* **Exercise directions**
Give back the whole listing exactly as written, leaving out each picture.

* **Data block**
────────────────────────────────────────

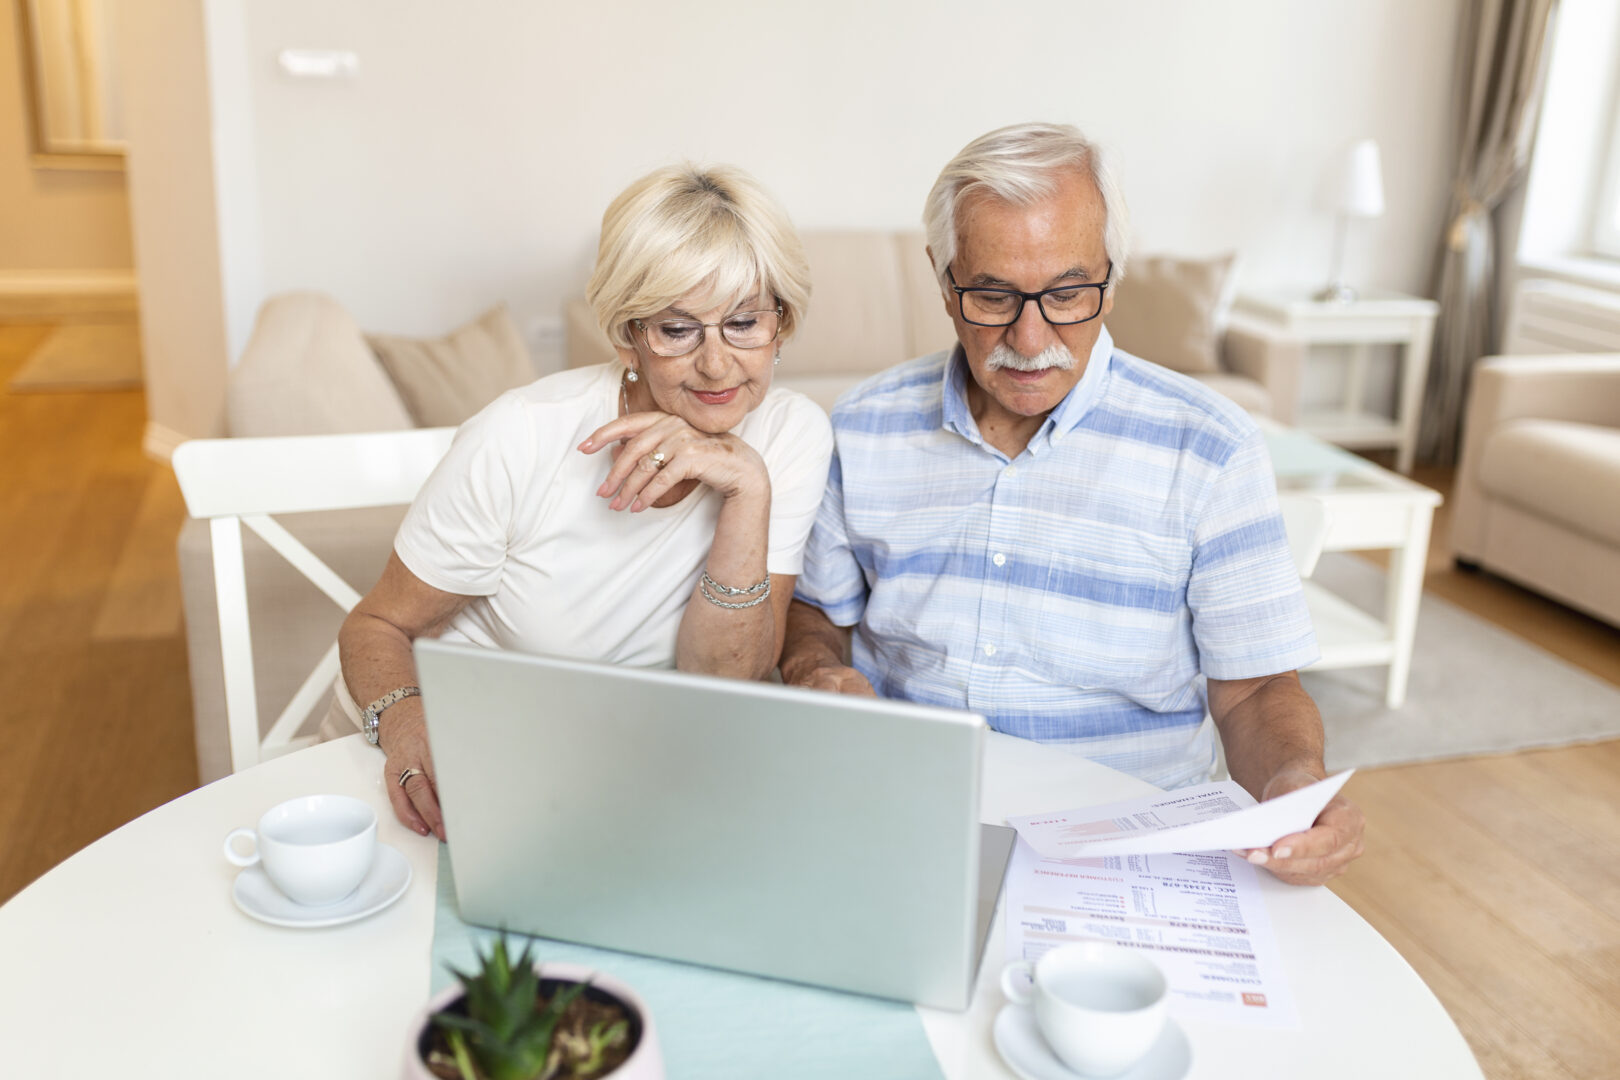 What documents do you need to prepare for aged care?
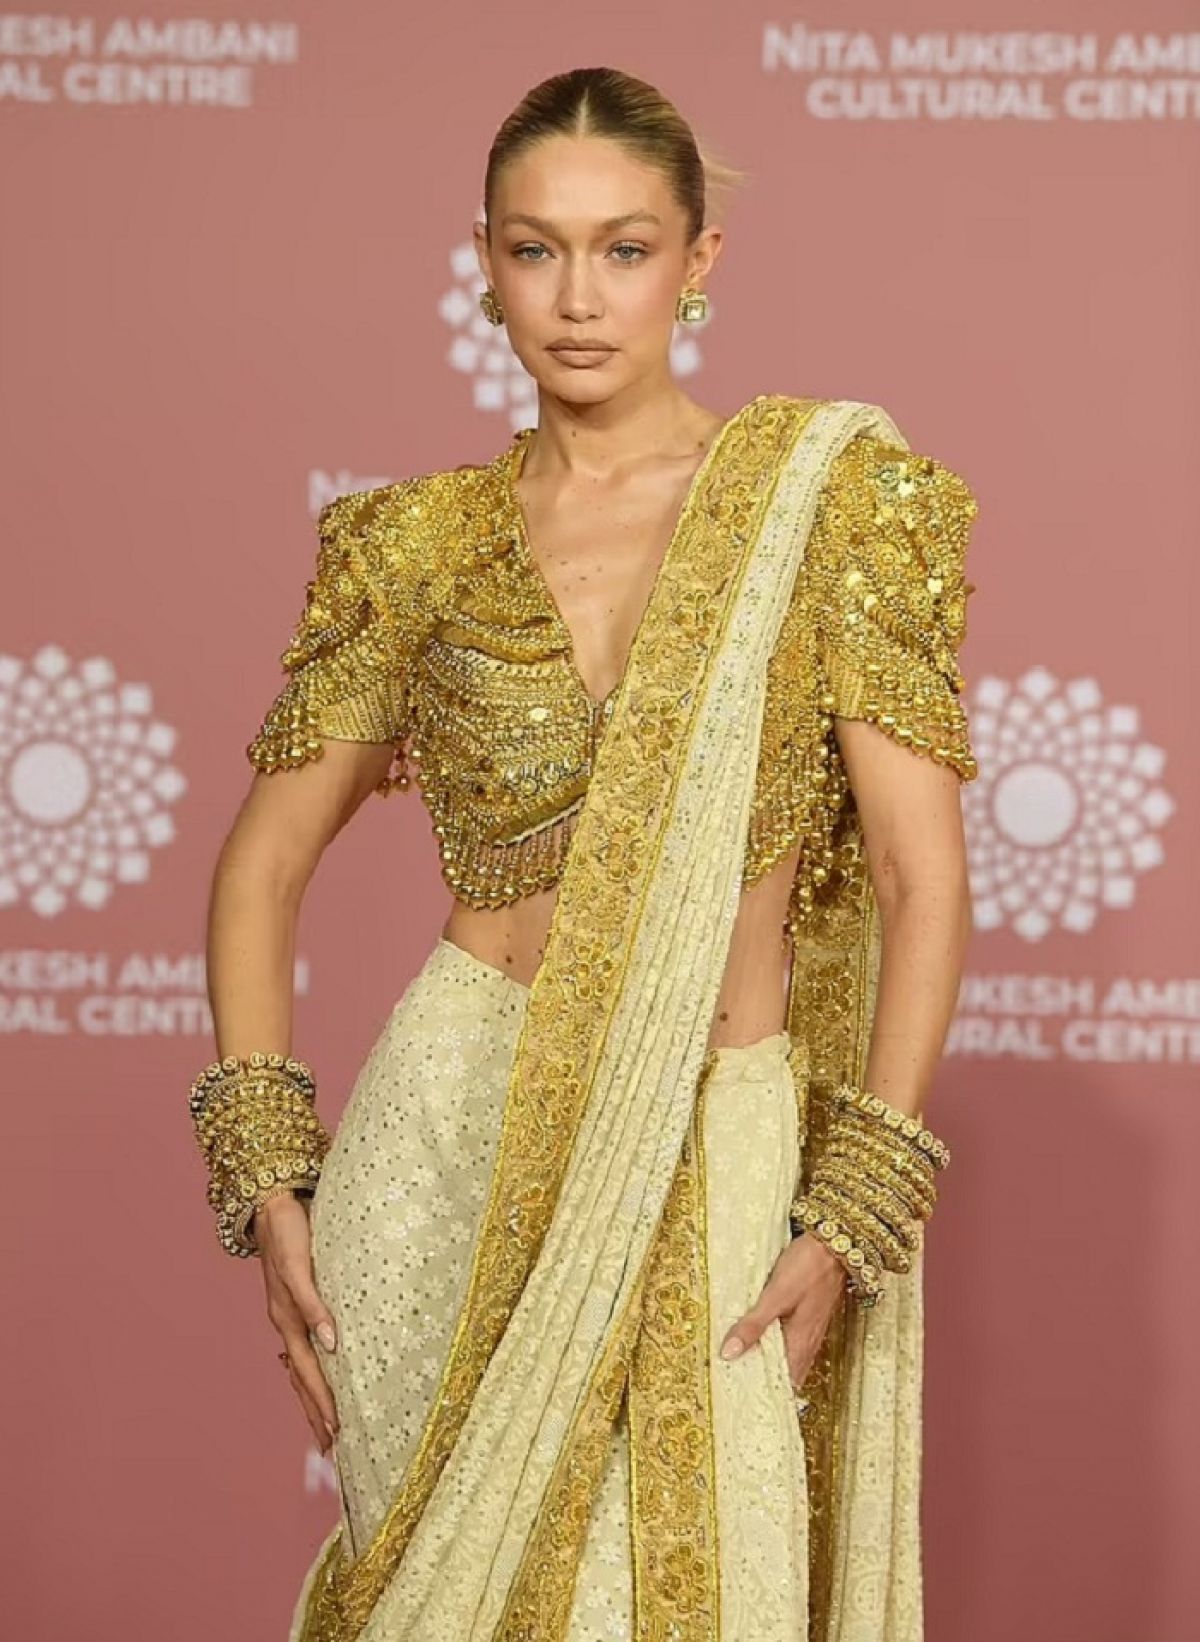 This Hollywood queen adds a desi look to Ambani's event.
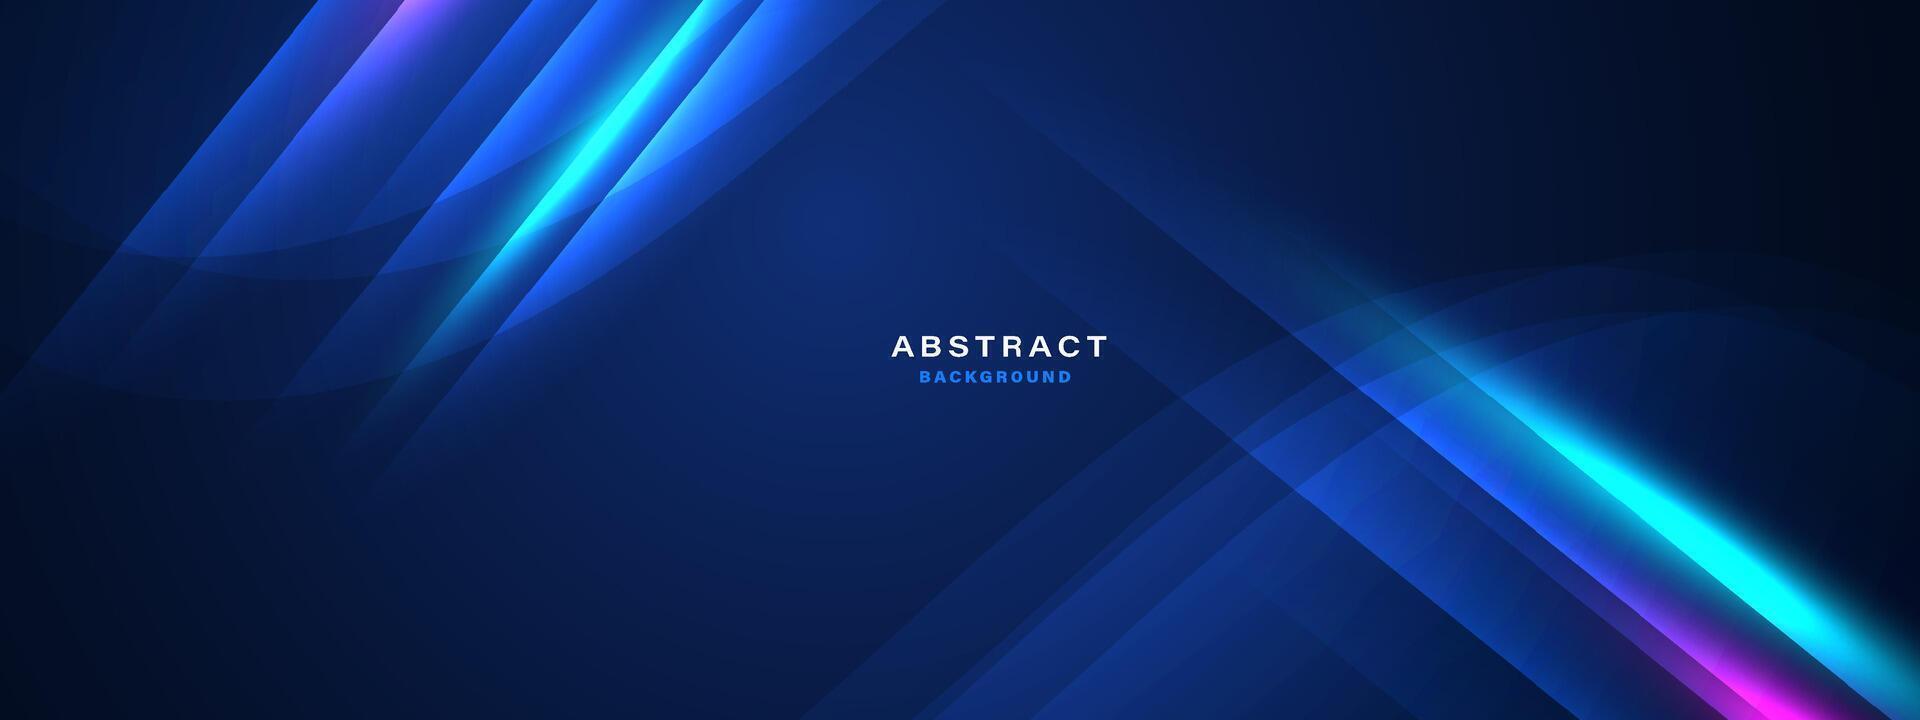 Abstract futuristic blue background with glowing light effect vector

────────────────────────────────────────

* **Exercise response**
 What documents do you need to prepare for aged care?
 This Hollywood queen adds a desi look to Ambani's event.
 Abstract futuristic blue background with glowing light effect vector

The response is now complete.